Johan Vande Lanotte et Melchior Wathelet s’appuient sur un rapport de la Commission de régulation de l’électricité et du gaz. Ce rapport bien documenté du régulateur fédéral de l’énergie donne un aperçu des problèmes qui plombent le marché énergétique belge et ouvre un large éventail de mesures possibles. La nécessité, en effet, est pressante : le gaz et l’électricité sont plus chers que dans nos pays voisins, les tarifs de distribution sont plus élevés et les coûts supplémentaires sont répercutés sur les consommateurs.

Le duo plaide pour ne plus indexer les prix de l’énergie jusqu’à la fin de l’année, geler les tarifs de distribution jusqu’en 2014 (lorsque cette compétence sera transférée aux Régions) et la fin des frais d’annulation qui s’appliquent lorsque les consommateurs annulent un contrat.

Mais imposer à tout un secteur des prix plus ou moins élevés n’est pas sans risques. Ainsi, la demande pour le gaz est traditionnellement plus faible durant les mois d’été. Sans indexation, il n’y aura donc pas de prix inférieurs au cours de cette période.

Un gel des prix renforce en particulier la position des acteurs dominants sur le marché. Il retire aux petits acteurs la possibilité de rivaliser avec Electrabel et EDF-Luminus, qui disposent d’une énergie nucléaire bon marché.

Il est également frappant que Vande Lanotte et Wathelet ne suivent pas l’étude de la Creg en matière de rente nucléaire. Selon le régulateur de l’énergie, en effet, cette rente tourne autour de 1,3 milliard d’euros, tandis que la coalition gouvernementale l’a fixée à 550 millions d’euros environ.

Sans oublier la création potentielle de nouvelles taxes. L’annonce de l’examen, par le gouvernement wallon, de l’introduction d’une taxe sur l’énergie nucléaire, accroît l’incertitude pour les investisseurs potentiels. Cela renvoie en effet l’image peu séduisante de revenus plus ou moins bloqués, comparés à des coûts imprévisibles… et peut-être élevés.
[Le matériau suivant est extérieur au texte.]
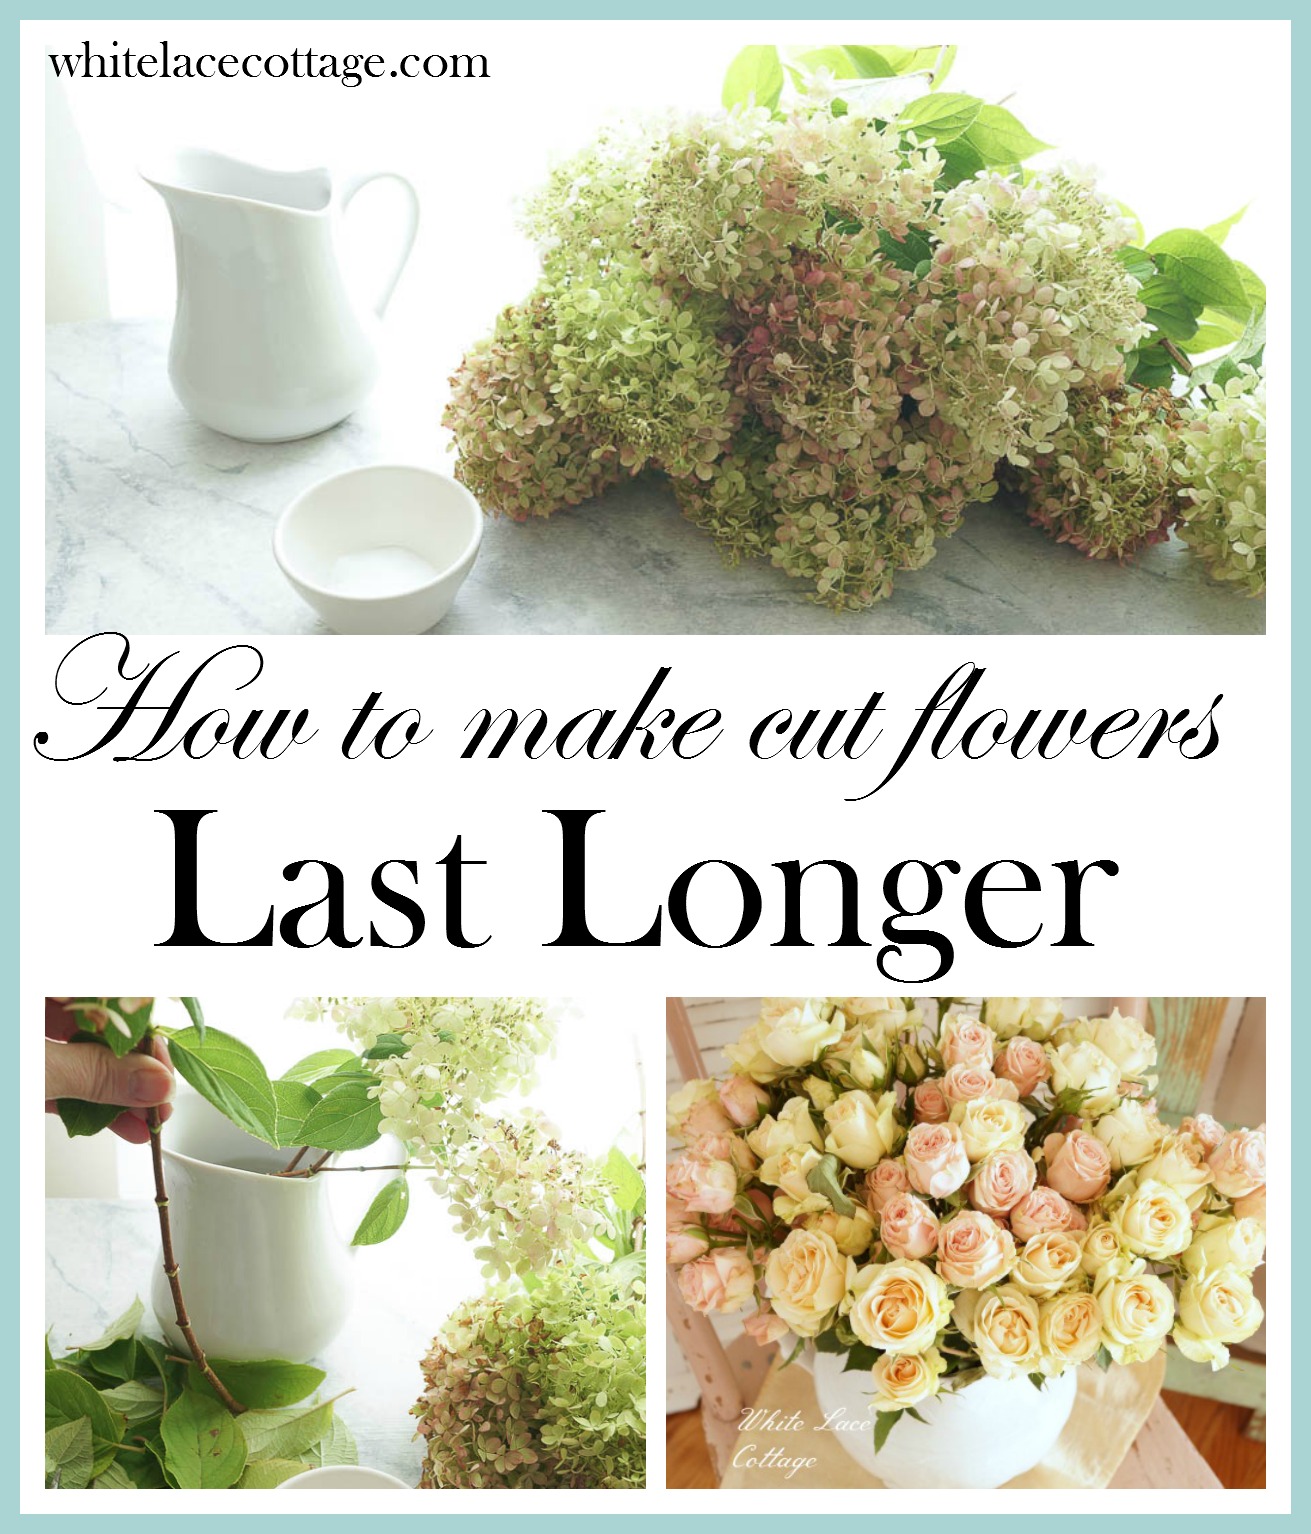 How To Make Cut Flowers Last Longer - White Lace Cottage

Quand un gouvernement gèle les prix, il est obligé, après cette période, de présenter aux parties prenantes (entreprises et consommateurs) une politique combinant vision à long terme et réformes solides. Bref, des conditions du marché qui encouragent de nouveaux investisseurs à ouvrir leur portefeuille (de préférence en faveur des énergies renouvelables), assurent la sécurité de l’approvisionnement à un prix raisonnable et dans un cadre stable, et qui assurent aux consommateurs des tarifs transparents et des procédures de transfert simples. En d’autres termes, des mesures pour atteindre – enfin – ce marché libre qui existe officiellement depuis dix ans.